With the pictures left aside, write out exactly the lines of the listing below from the line with "image 4 of 12" to the line with "Pea Soup and", both included, and only those.

## Working data
......

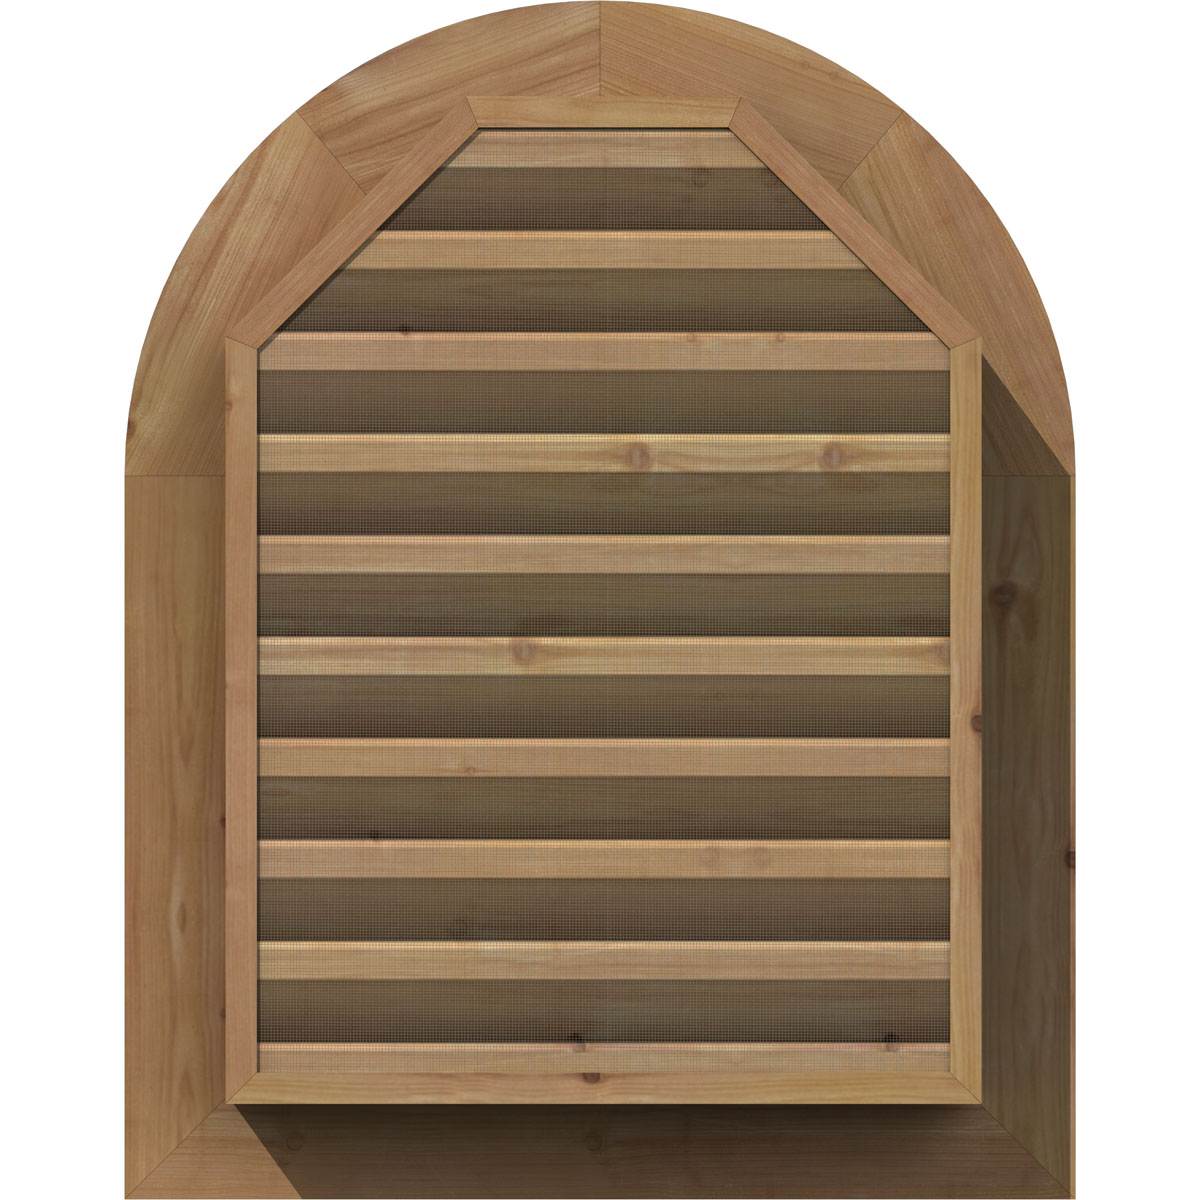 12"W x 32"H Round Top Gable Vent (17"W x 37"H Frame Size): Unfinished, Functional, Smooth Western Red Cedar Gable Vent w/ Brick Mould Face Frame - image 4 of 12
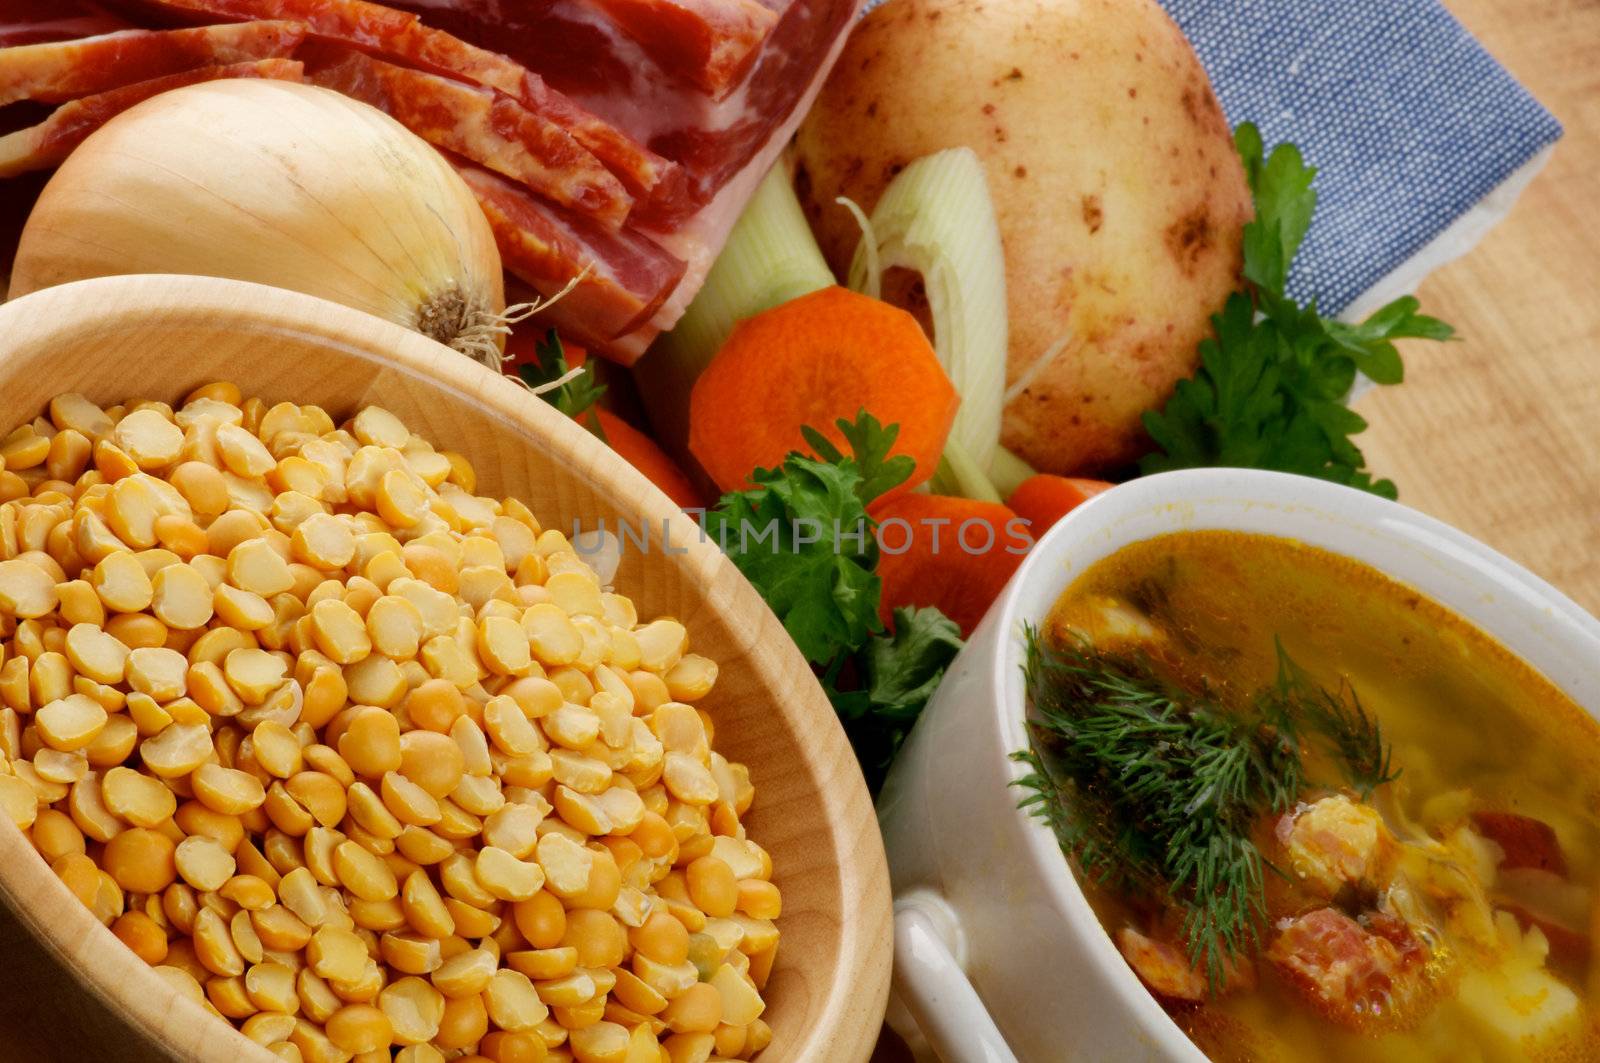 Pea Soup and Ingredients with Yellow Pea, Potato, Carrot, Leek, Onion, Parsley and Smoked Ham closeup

......

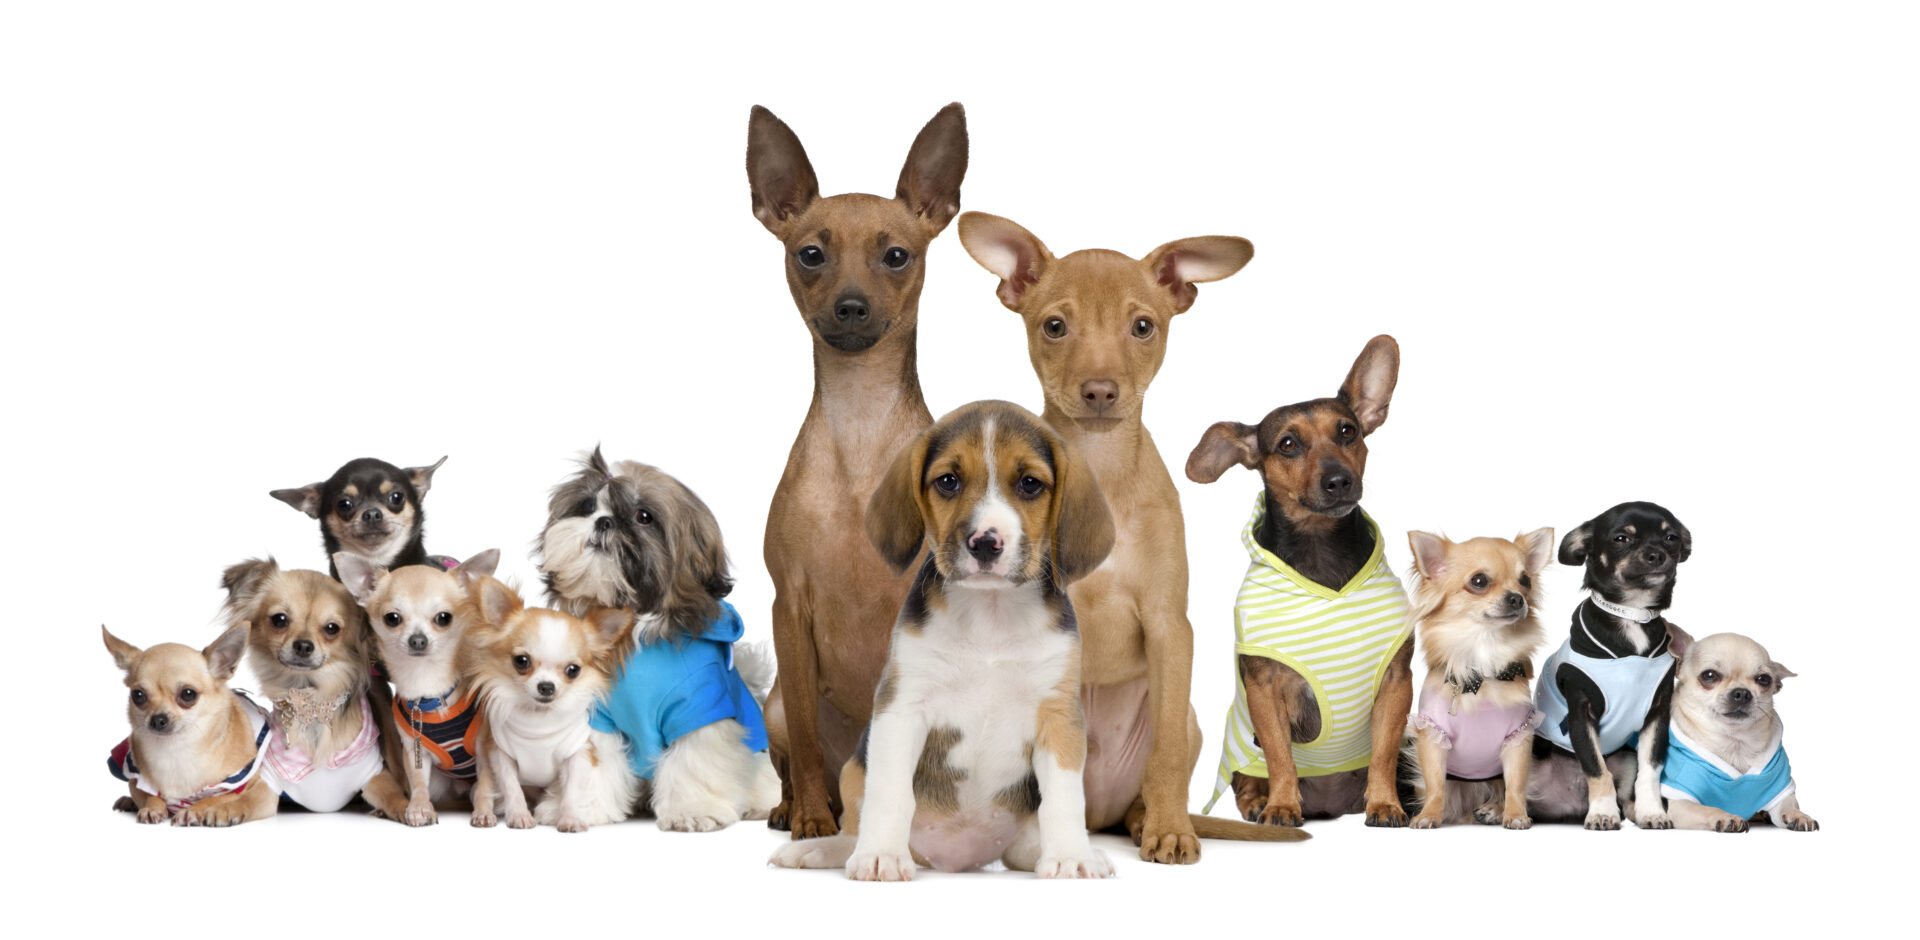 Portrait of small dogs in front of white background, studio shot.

......

## Task result
 12"W x 32"H Round Top Gable Vent (17"W x 37"H Frame Size): Unfinished, Functional, Smooth Western Red Cedar Gable Vent w/ Brick Mould Face Frame - image 4 of 12
 Pea Soup and Ingredients with Yellow Pea, Potato, Carrot, Leek, Onion, Parsley and Smoked Ham closeup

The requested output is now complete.